The other reason is that a large proportion of parliamentarians jumped onto the gravy train and have their own property portfolios. Cutting negative gearing and capital gains tax would hurt their own hip pockets. According to an investigation by the ABC in 2017, this applied to almost half of the members of the Federal Parliament. They have little incentive to upset the gravy train.

Overlay this with an ideological commitment to the worship of the market, and we know why nothing has been done, even though belief in the market should mean no government involvement. But this principle is flexible. It all depends on who gets the benefit.

The Greens have called on the Albanese government to wind back both handouts, in return for support of its Help to Buy scheme, which is currently being held back in the Senate.

This scheme is to enable lower mortgages through shared cost and owners between prospective buyers and the government. It rides on the premise that the problem is a shortage of supply. The main beneficiaries are once again the developers, builders, real estate industry, and the banks who provide the mortgages. For many, and especially first home buyers, the price will still be too high. They will still be locked out. The Help to Buy scheme will be for the better healed.

Nonetheless, a compromise that starts to wind back a major cause of the housing affordability crisis is worthwhile.
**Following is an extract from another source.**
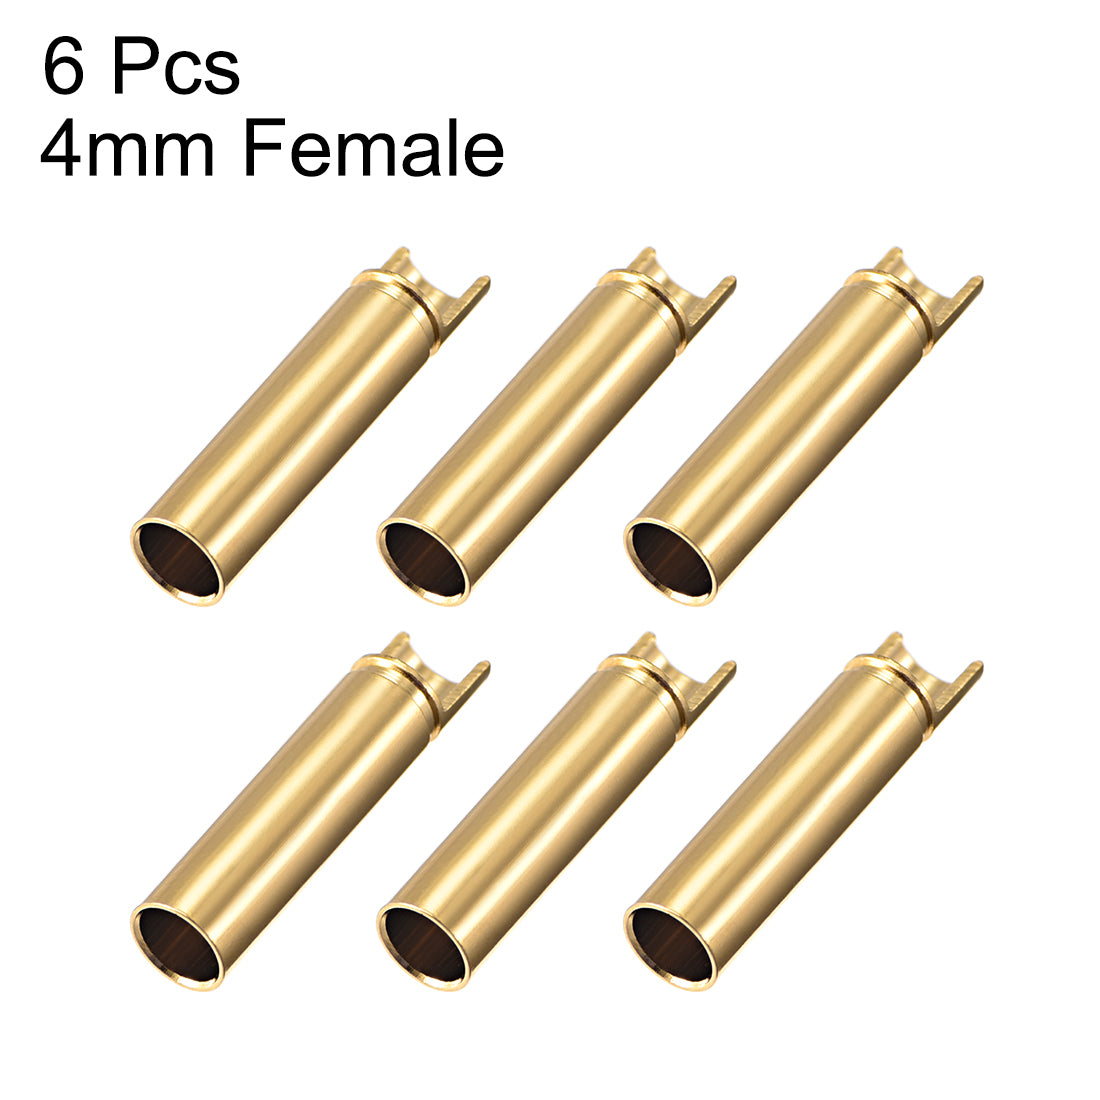 uxcell Uxcell 4 mm Bullet Connector Gold Plated Banana Plugs Female 6pcs

And it must be a staged wind back to avoid dislocation to the economy. Other measures must be included. Scaling up government investment in low rent public and cooperative housing would be a good start. The need for lower cost housing for essential workers has already been identified. Interest rates on mortgages could be frozen. Control of rents by imposing a ceiling on what landlords can charge is another worthwhile measure. There can be a limit on how many properties a single landlord can own. This would help remove the corporate induced upward pressure on prices.

Current legislation to encourage built for rent projects by developers stipulates that 10 percent of these homes must be provided at an affordable rent. This means up to a maximum of 75 percent of the market rent. This is not nearly enough to make a real difference.

Don’t expect more action soon. Our politicians are averse to it. Only public opinion and sufficient pressure can make them reconsider.